Cirillo Plinio, Morello Mariarosaria, Titolo Gisella, Marra Laura, Morello Andrea, De Rosa Gennaro, Cozzolino Domenico, Sugraliyev Akhmetzhan, Cimmino Giovanni
Department of Advanced Biomedical Sciences, Division of Cardiology, University of Naples "Federico II", Via Pansini, 5, Naples, 80131, Italy.
Department of Translational Medical Sciences, Section of Cardiology, University of Campania "Luigi Vanvitelli", Naples, Italy.
J Thromb Thrombolysis. 2025 Jan;58(1):62-70. doi: 10.1007/s11239-024-03018-6. Epub 2024 Aug 29.
E-cigarettes (ECIG) are proposed as an alternative for regular tobacco users with less dangerous effects for health. Several studies demonstrated that ECIG exert deleterious cardiovascular effects and promote platelet dependent thrombosis. However, ECIG role on Tissue Factor-dependent thrombosis is still unknown. Dysfunctional endothelial cells (ECs) are known to express Tissue Factor (TF) on their surface. Aim of the present study was to investigate whether ECIG might promote TF expression in ECs, shifting them to a pro thrombotic phenotype.
Human Umbilical Vein Endothelial Cells (HUVEC) were incubated with increasing doses of ECIG (commercially available and mix of propylene glycol/vegetable glycerine/nicotine 18 mg/mL) up to 1.8 mg/mL. TF gene expression and protein levels were assessed at different time points by Real Time PCR and Western Blot, respectively. TF surface expression and activity were also measured by FACS analysis and coagulation assay. Finally, NF-kB translocation was investigated as possible mechanism of action. Potential protective effects by Rosuvastatin were also investigated.

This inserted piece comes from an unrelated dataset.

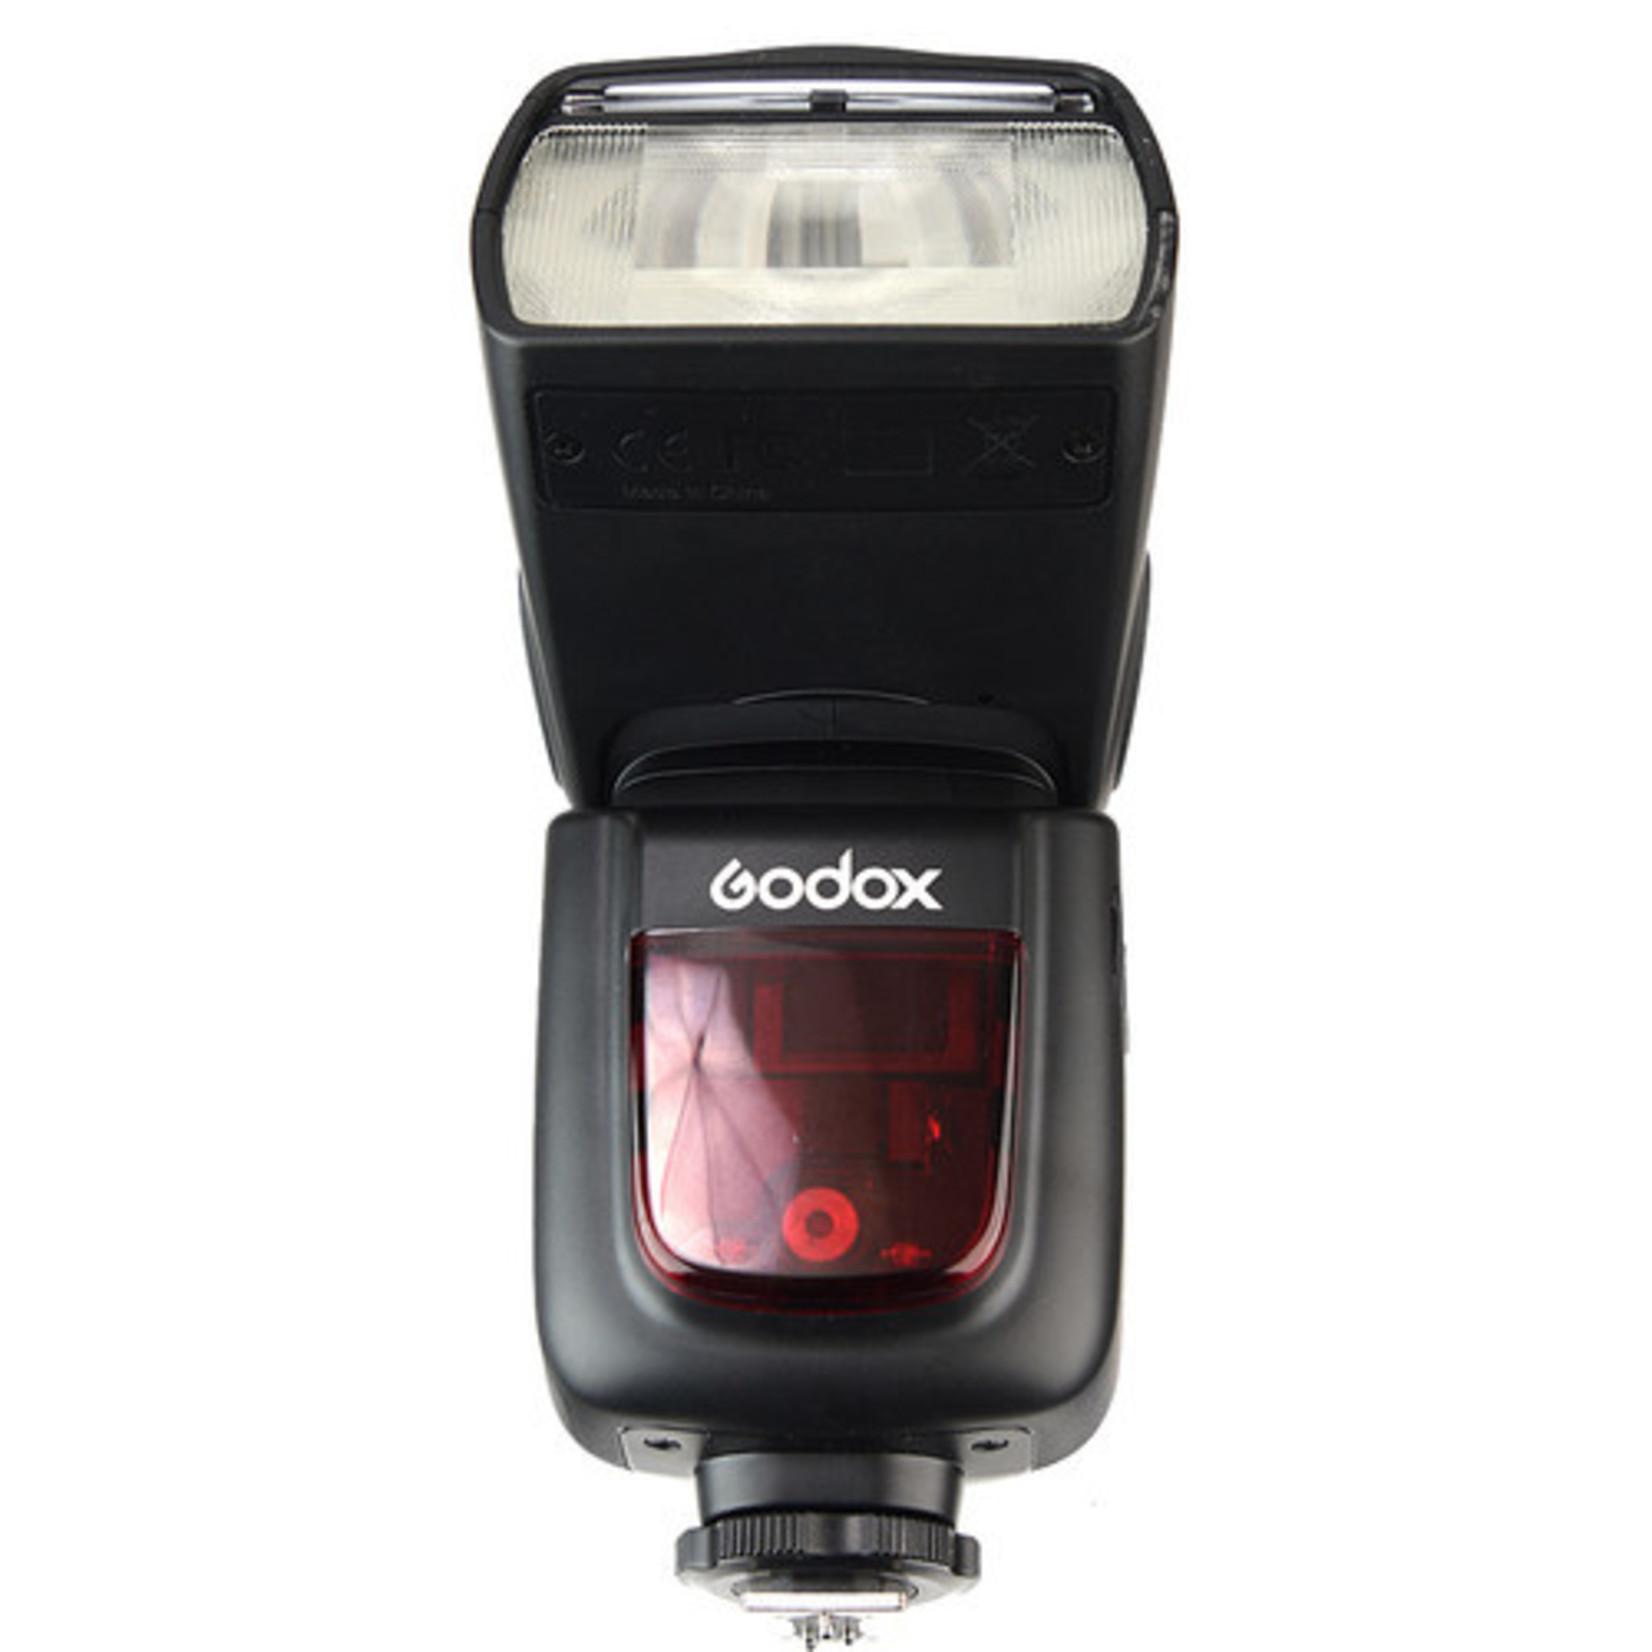 Godox GodoxVING V860 II Li-Ion Flash for Fuji

ECIG significantly increased TF expression at both gene and protein levels in a time and dose dependent manner. Surface expression and procoagulant activity were increased as well. These phenomena appeared modulated by the NF-κB pathway. Rosuvastatin reduced ECIG effects on TF-mRNA.
Although in vitro, we indicate that ECIG promote a pro thrombotic phenotype in ECs via expression of functional TF. Data of the present study permit to shed a brighter light on the still partially unresolved issue about the role of ECIG in development of cardiovascular diseases suggesting that they might represent a potential risk factor for thrombotic cardiovascular events.
电子烟被提议作为普通烟草使用者的替代品,对健康危害较小。多项研究表明,电子烟会产生有害的心血管影响并促进血小板依赖性血栓形成。然而,电子烟对组织因子依赖性血栓形成的作用仍不清楚。已知功能失调的内皮细胞(ECs)在其表面表达组织因子(TF)。本研究的目的是调查电子烟是否可能促进内皮细胞中TF的表达,使其转变为促血栓形成表型。
将人脐静脉内皮细胞(HUVEC)与剂量不断增加的电子烟(市售,丙二醇/蔬菜甘油/尼古丁混合物,18毫克/毫升)孵育,最高浓度达1.8毫克/毫升。分别通过实时聚合酶链反应和蛋白质印迹法在不同时间点评估TF基因表达和蛋白质水平。还通过荧光激活细胞分选分析和凝血试验测量TF表面表达和活性。最后,研究核因子-κB(NF-κB)易位作为可能的作用机制。还研究了瑞舒伐他汀的潜在保护作用。
电子烟以时间和剂量依赖性方式显著增加TF在基因和蛋白质水平的表达。表面表达和促凝血活性也增加。这些现象似乎受NF-κB途径调节。瑞舒伐他汀降低了电子烟对TF-mRNA的影响。
尽管是在体外研究,但我们表明电子烟通过功能性TF的表达促进内皮细胞形成促血栓形成表型。本研究数据有助于更清楚地了解电子烟在心血管疾病发展中作用这一仍未完全解决的问题,表明它们可能是血栓性心血管事件的潜在危险因素。